As exhilarating as that first Macedonian reception was for Aroeste, she says she wanted to make sure the experience “wasn’t just a fluke.” Soon after returning to the Berkshires, she connected with Joshua Bloom, husband of Hevreh of Southern Berkshire’s Rabbi Jodie Gordon (and Federation vice president), who had done human rights work in Macedonia from 2001-2004 and was slated to return as an international monitor of the country’s upcoming elections. Inspired by their shared enthusiasm for the Balkan nation, Aroeste and Bloom organized a tour that brought 20 Americans to Macedonia.

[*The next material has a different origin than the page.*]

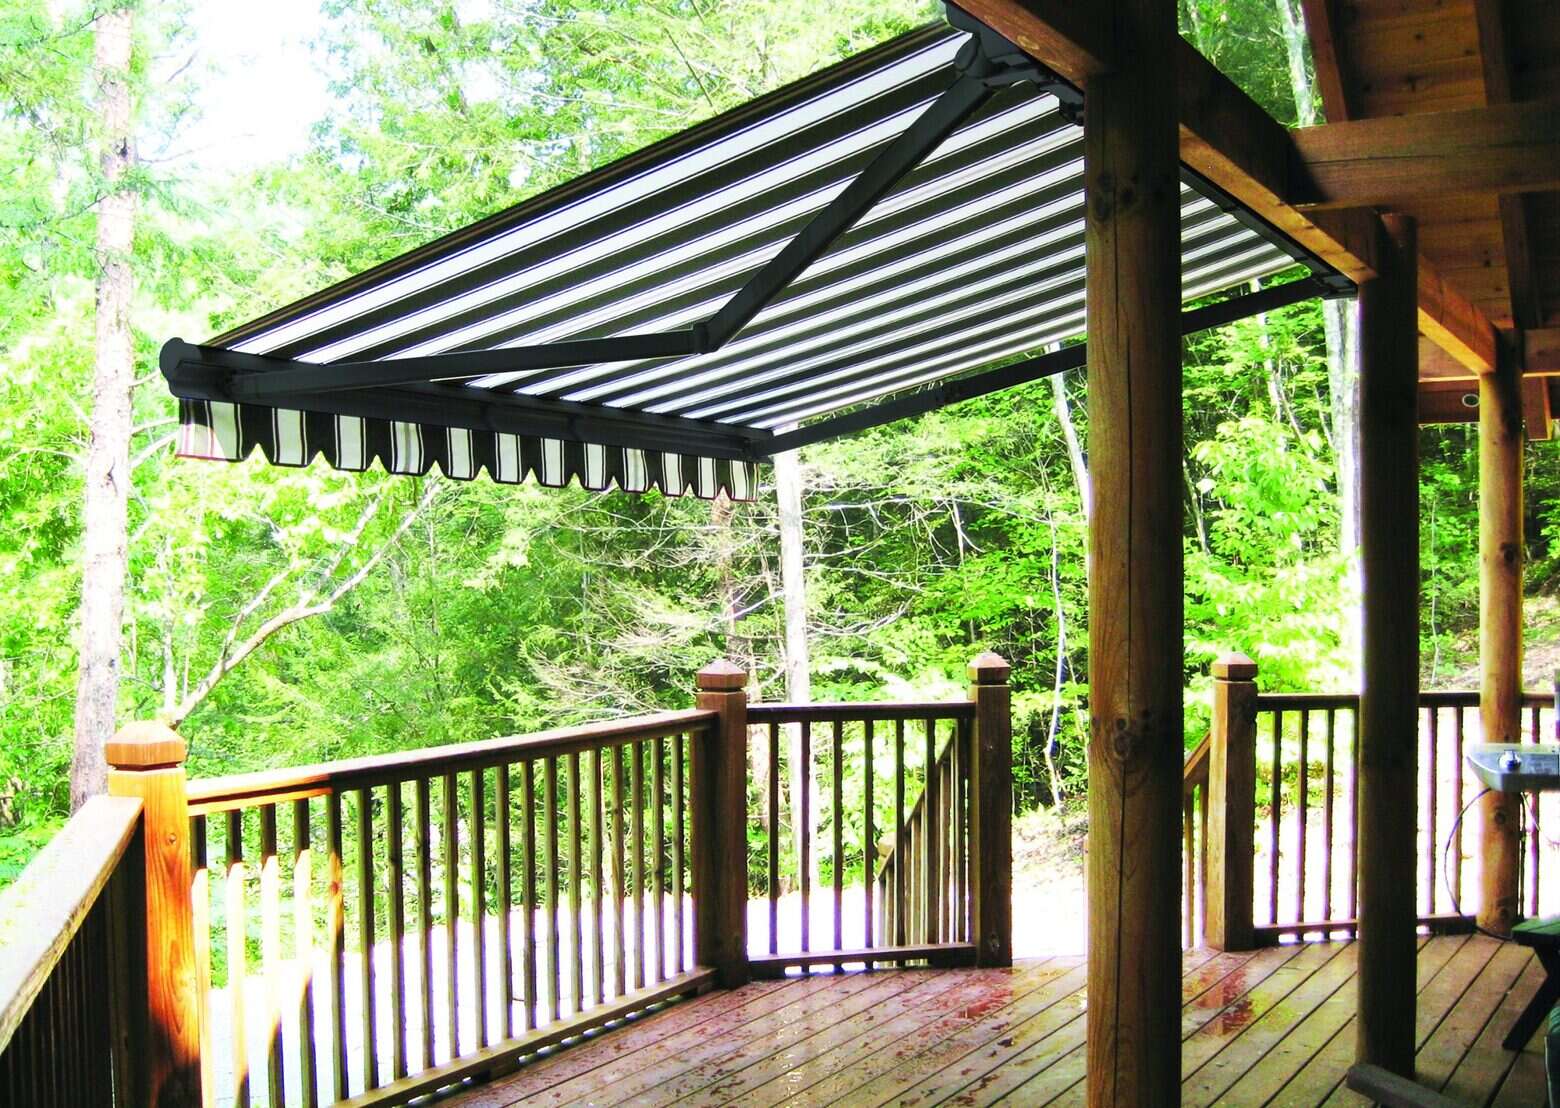 How Much Is An Awning For A Deck

That visit was capped by another standing-room-only concert by the singer in Bitola, which was attended by the ambassador to Israel and local dignitaries. The turning point in how Aroeste saw the potential for a larger project came at a rooftop afterparty at a local club. “We had a celebration on the roof of this joint in the center of town, and a lot of people came out afterward,” she remembers. “I caught it in a photograph where you could see a whole bunch of musicians and people dancing together. In this one shot, you see Macedonians, Israelis, Albanians, and myself – you know, the American. There were Jews, Christians, and Muslims all in this one snapshot –  I looked at that photo afterward, and I thought, oh my gosh, I need to do something to harness this cooperative feeling that we all have. And the best way I can do that is with music.”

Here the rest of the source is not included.